Exercise details:
Your answer should be the full data, transcribed exactly, with no pictures in it.

Provided material:
++++++++++
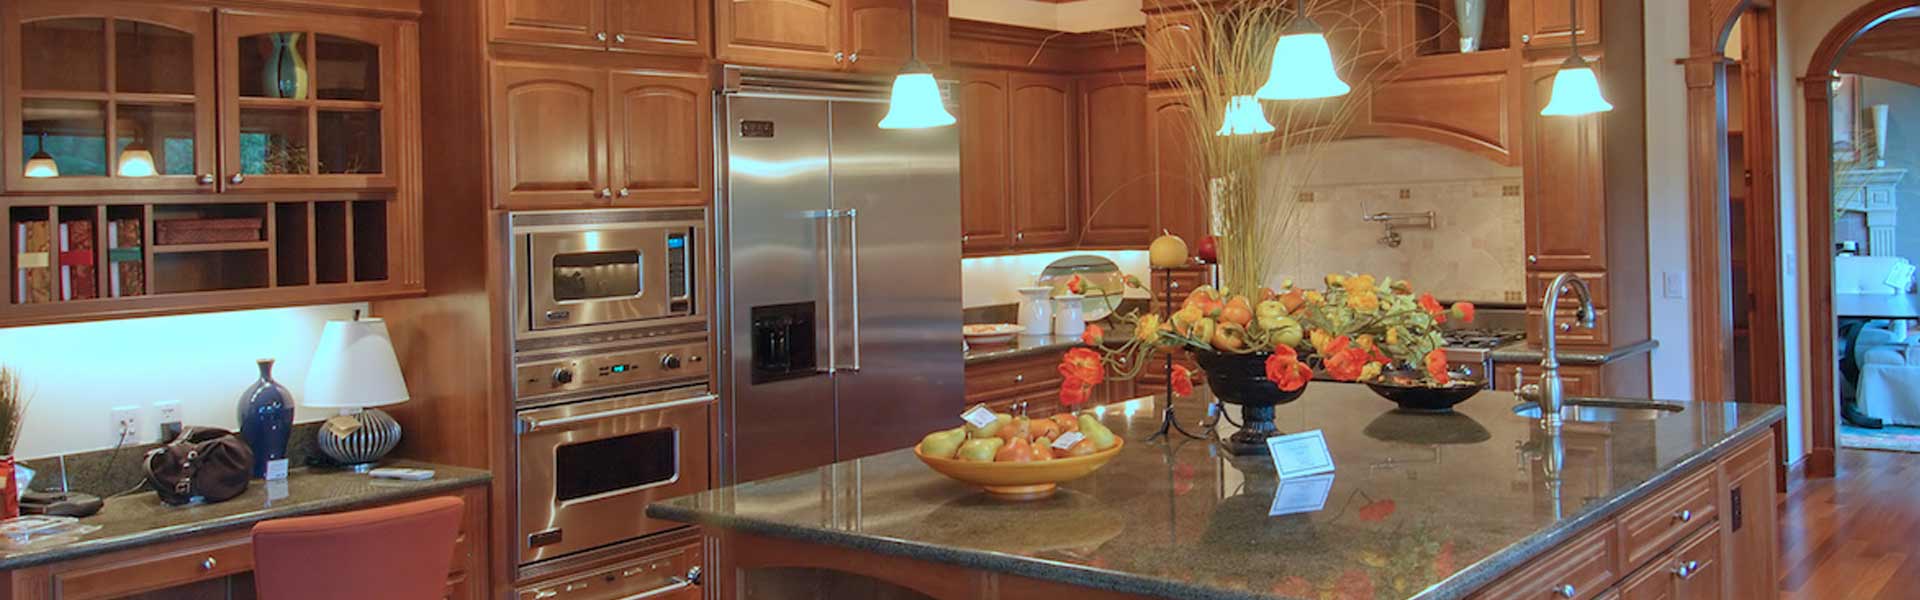 kitchen-remodeling-contractor-ls - Capital Real Estate Construction
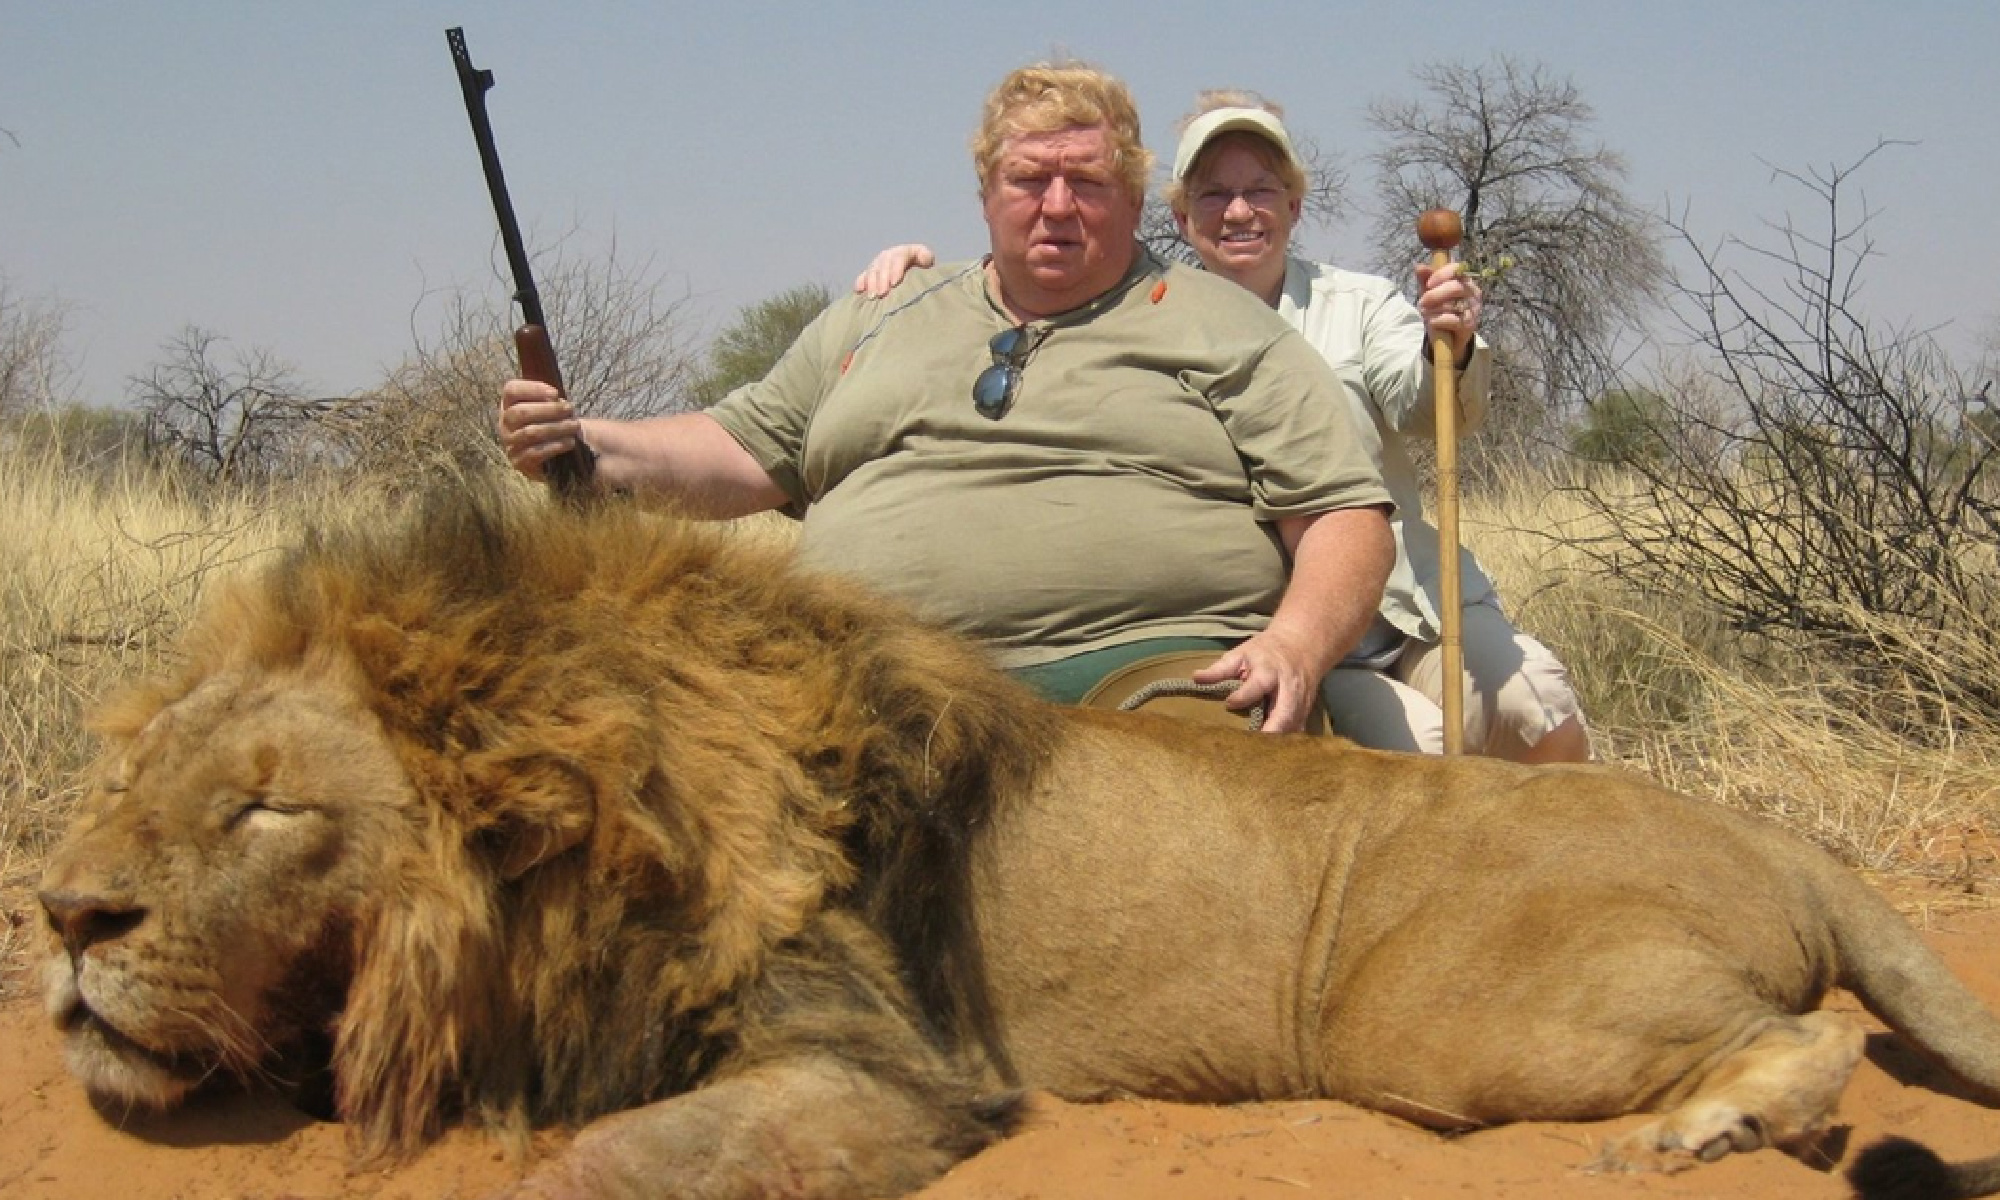 Viral Article on Hunter Eaten by Lions Is a Fraud. Here’s Where It Came From
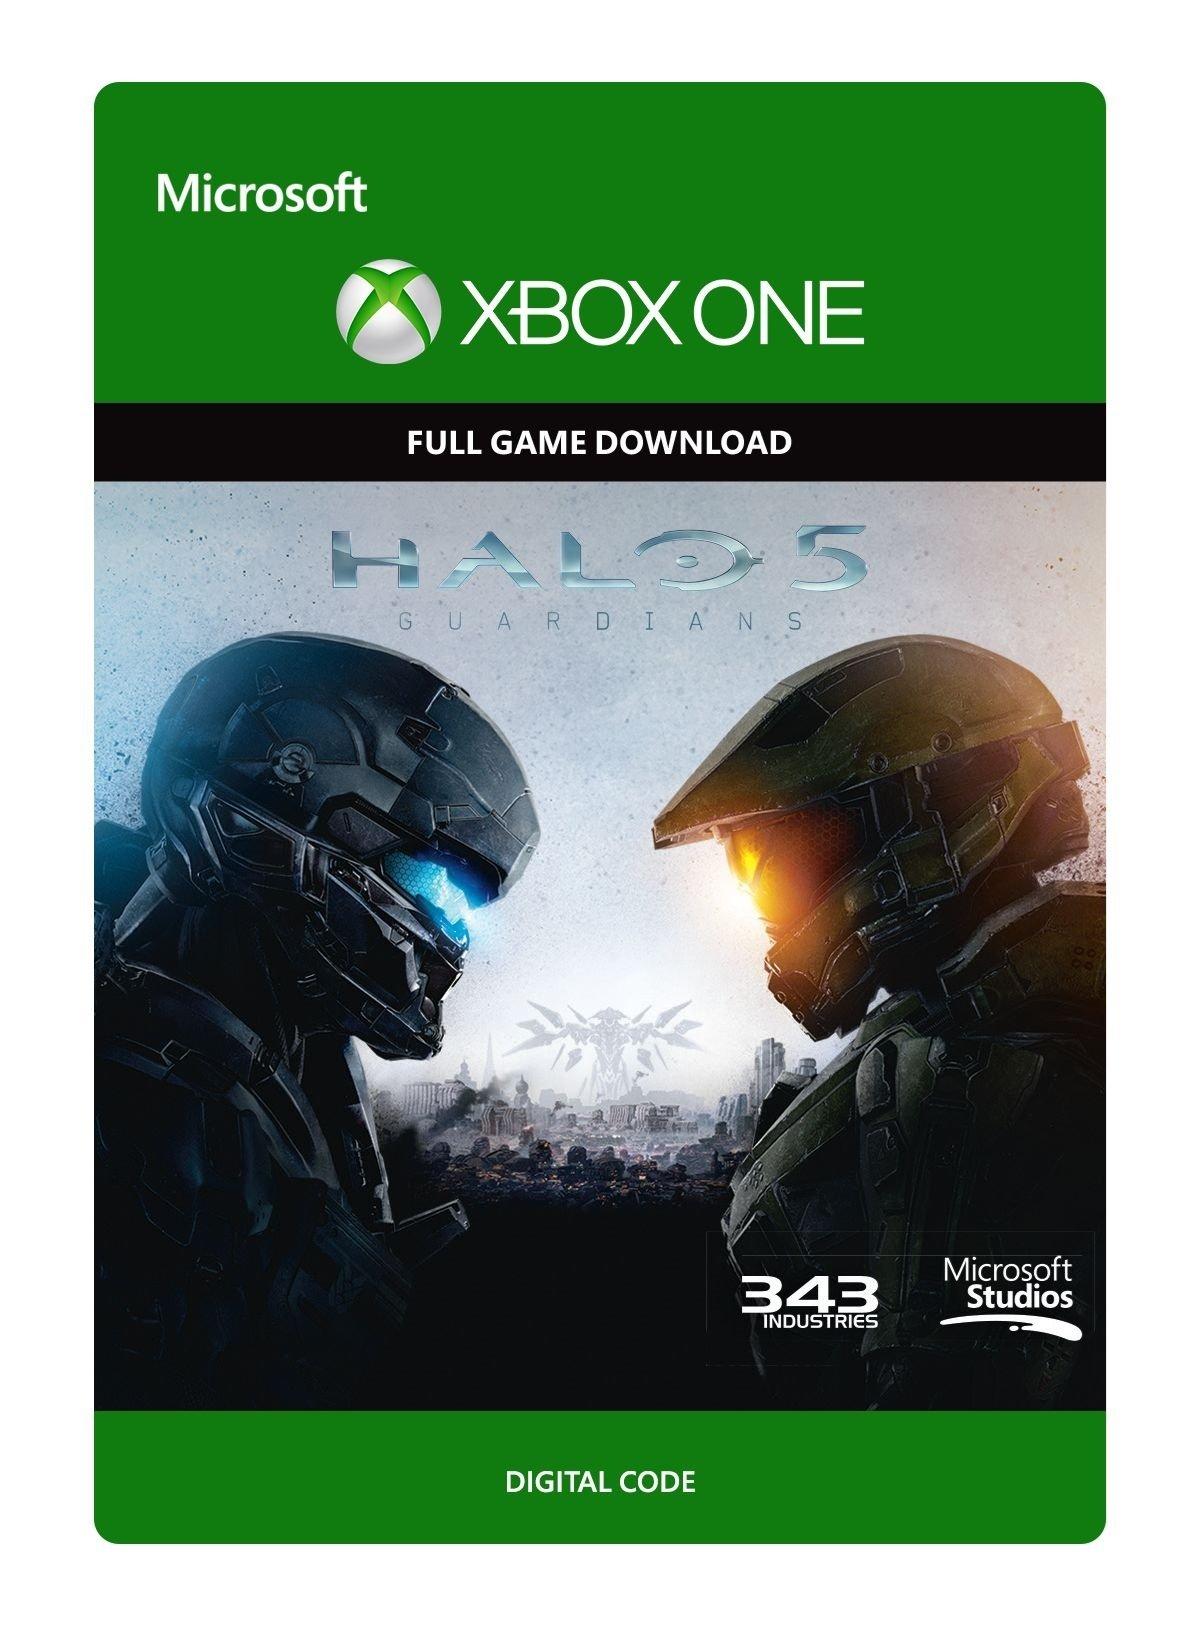 Halo 5 Guardians: Standard Edition Xbox One Full Game (Digitale Code) | G3Q-00035 (825c786d-1c21-4286-8007-5a792a44ce5e)
++++++++++
Exercise output:
 kitchen-remodeling-contractor-ls - Capital Real Estate Construction
 Viral Article on Hunter Eaten by Lions Is a Fraud. Here’s Where It Came From
 Halo 5 Guardians: Standard Edition Xbox One Full Game (Digitale Code) | G3Q-00035 (825c786d-1c21-4286-8007-5a792a44ce5e)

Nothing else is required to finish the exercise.